Assured Forwarding (AF) is more nuanced. It defines four separate classes (AF1 through AF4), each guaranteed a minimum amount of bandwidth. Within each class, packets are further divided into three drop probability levels. During congestion, the router drops high-probability packets first, then medium, then low. This lets network operators protect important traffic within a class while still allowing less critical traffic to use spare capacity. The AF class number itself doesn’t imply priority: AF4 doesn’t automatically get better treatment than AF1.
Common DSCP Assignments
Industry guidelines from the IETF recommend specific DSCP markings for common traffic types. These aren’t mandatory, but most enterprise and service provider networks follow them closely.
- Voice (VoIP): EF (DSCP 46). The gold standard for real-time audio.
- Video conferencing (adaptive): AF41, AF42, AF43 (DSCP 34, 36, 38). Used for video that can adjust its bitrate based on network conditions.
- Video conferencing (fixed-rate) and interactive gaming: CS4 (DSCP 32). For video that can’t adapt and needs steady bandwidth.
- Broadcast video and live events: CS3 (DSCP 24).
- Streaming media: AF31, AF32, AF33 (DSCP 26, 28, 30). On-demand audio and video.
- Transactional data (client/server): AF21, AF22, AF23 (DSCP 18, 20, 22). Database queries, web applications, point-of-sale systems.
- Bulk data transfers: AF11, AF12, AF13 (DSCP 10, 12, 14). Backups, file transfers, email.
- Network control traffic: CS6 (DSCP 48). Routing protocols and network management.
- Low-priority or scavenger traffic: CS1 (DSCP 8). Background downloads, software updates.
Where DiffServ Works Well
DiffServ is most effective within a single administrative domain, meaning a network controlled by one organization. Inside a corporate network or a single ISP’s infrastructure, the administrator configures every router to honor the same DSCP markings and apply consistent forwarding behaviors. Voice calls get priority end to end, bulk transfers yield during congestion, and the network runs smoothly.
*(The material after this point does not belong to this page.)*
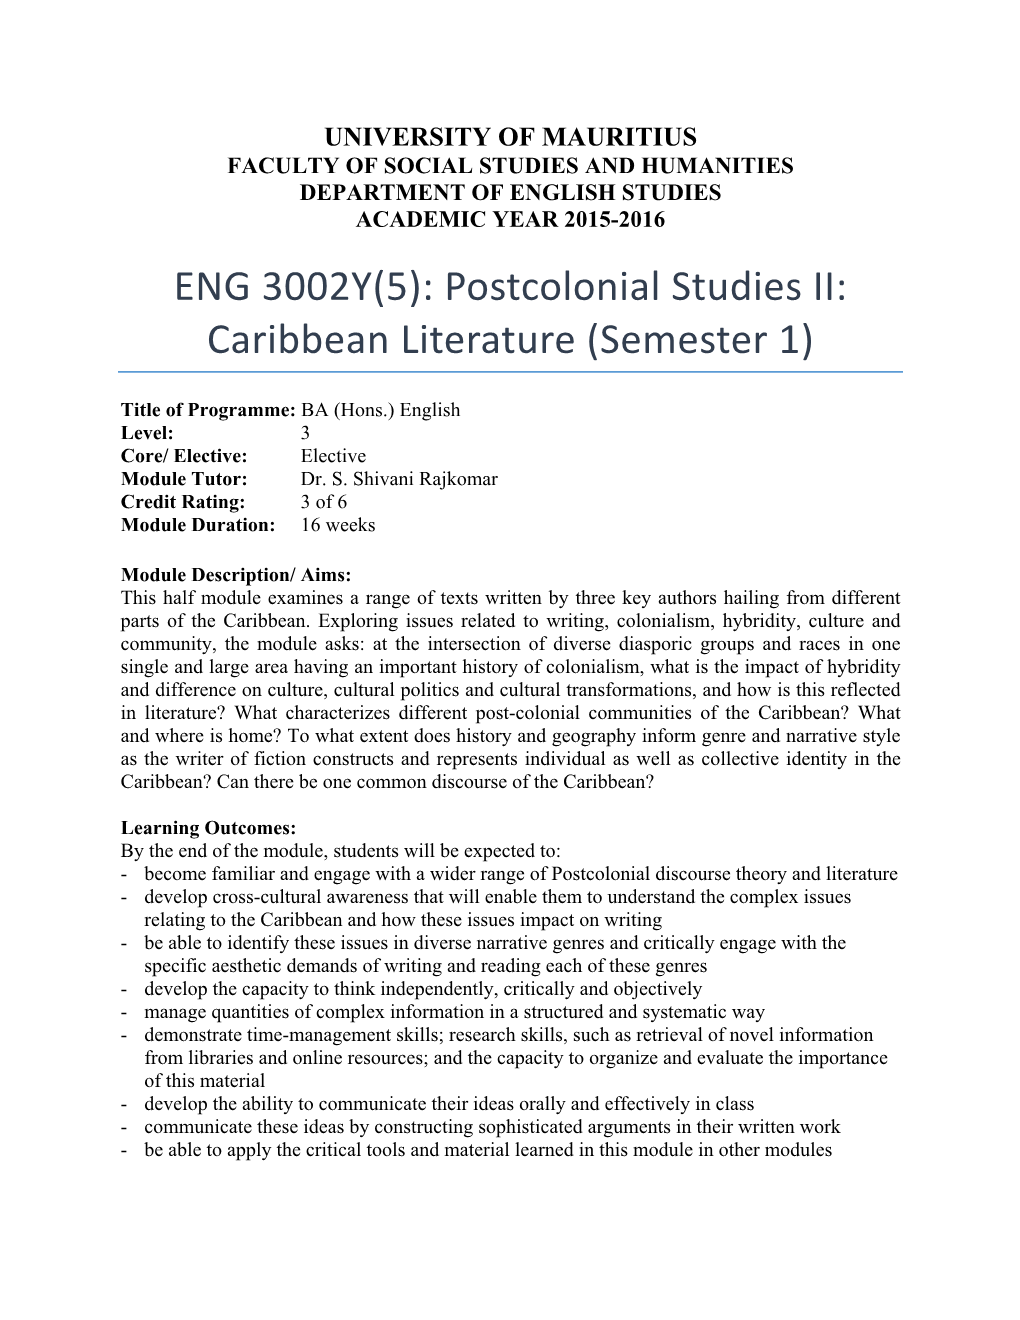 ENG 3002Y(5): Postcolonial Studies II: Caribbean Literature (Semester 1)

Enterprise networks are the most common deployment. An office network might mark VoIP phones with EF, video conferencing with AF41, and general web browsing as best effort. When congestion hits the WAN link connecting two offices, voice quality stays crisp while file downloads slow down instead.
Cross-Network Limitations
DiffServ runs into challenges when traffic crosses between different organizations’ networks. Each network operator sets its own policies, and there’s no universal requirement to honor another network’s DSCP markings. An ISP might re-mark or reset DSCP values on traffic entering its network, effectively stripping away the QoS treatment the sender intended.
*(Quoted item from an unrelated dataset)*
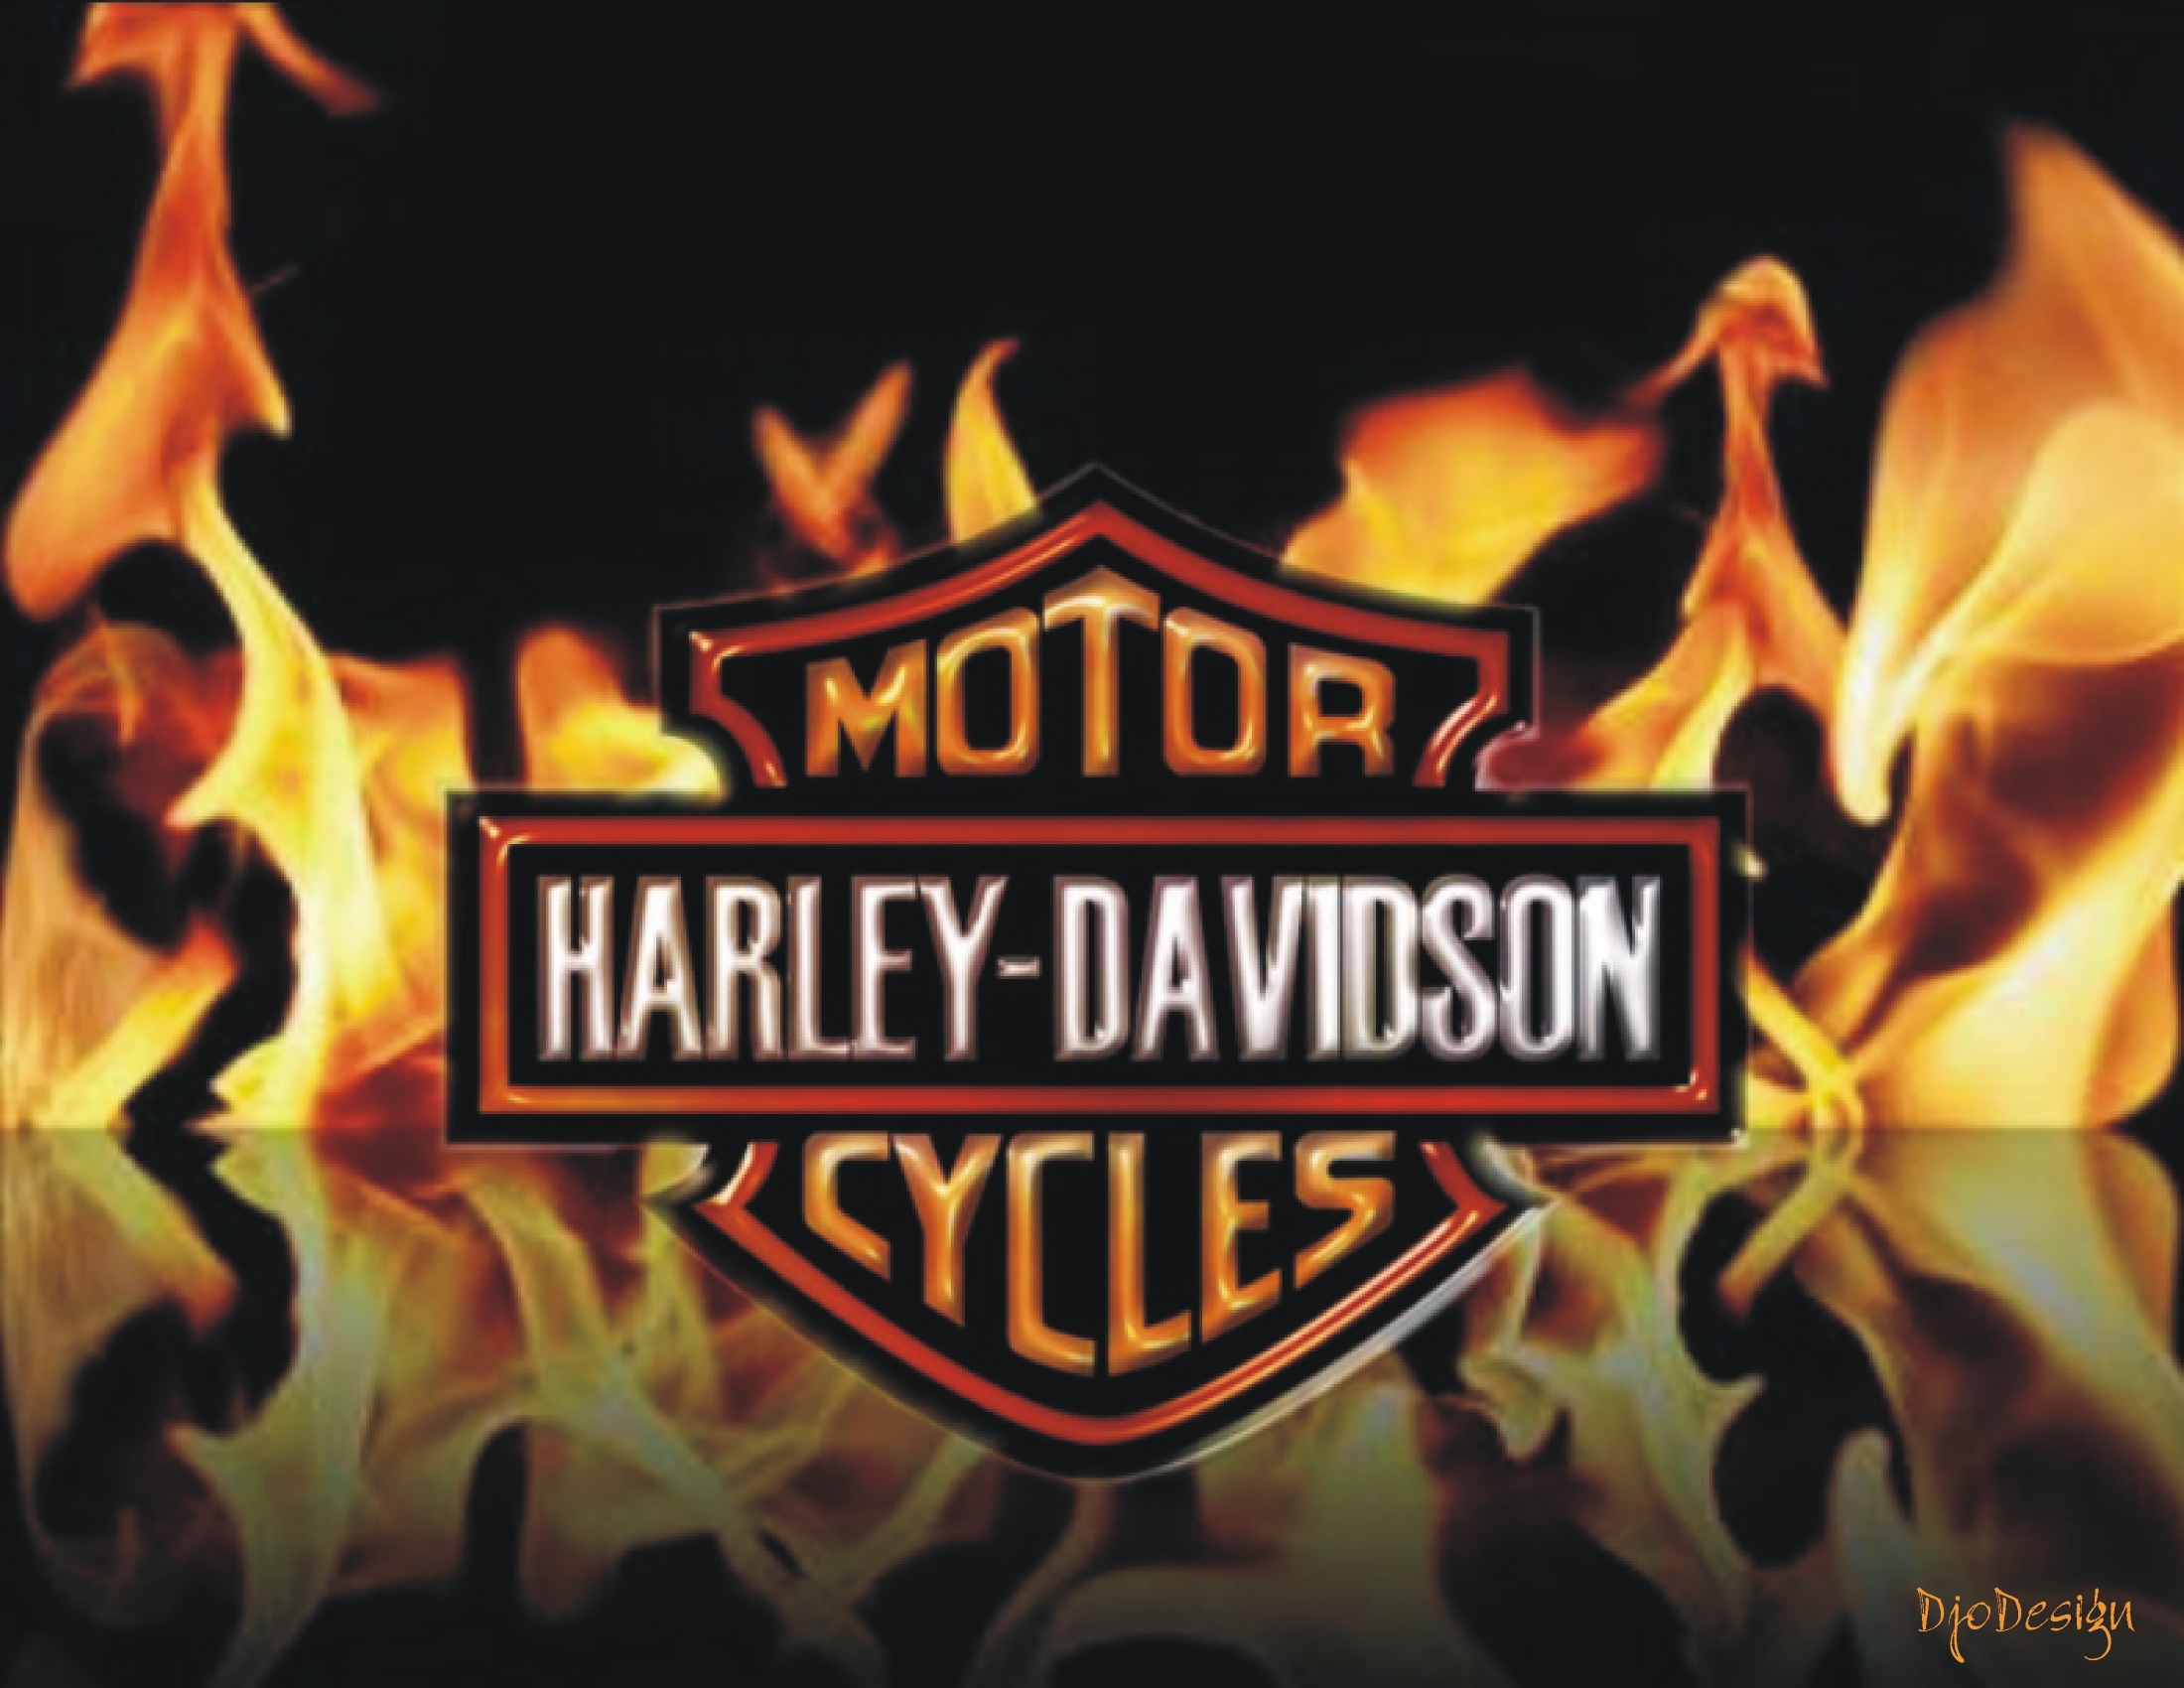 harley davidson, vehicles, flame, logo

For DiffServ to work across multiple networks, the organizations involved need service level agreements that specify how each traffic class will be treated at the boundaries between their domains. In practice, this works well between an enterprise and its ISP, or between peering ISPs that have negotiated such agreements. But across the open internet, where traffic may cross half a dozen networks with no coordinated QoS policies, DiffServ markings often don’t survive the journey intact.
This is why DiffServ is primarily a tool for managed networks rather than a general internet-wide QoS mechanism. It excels at prioritizing traffic within the networks you control or have agreements with, but it can’t guarantee end-to-end treatment across arbitrary internet paths.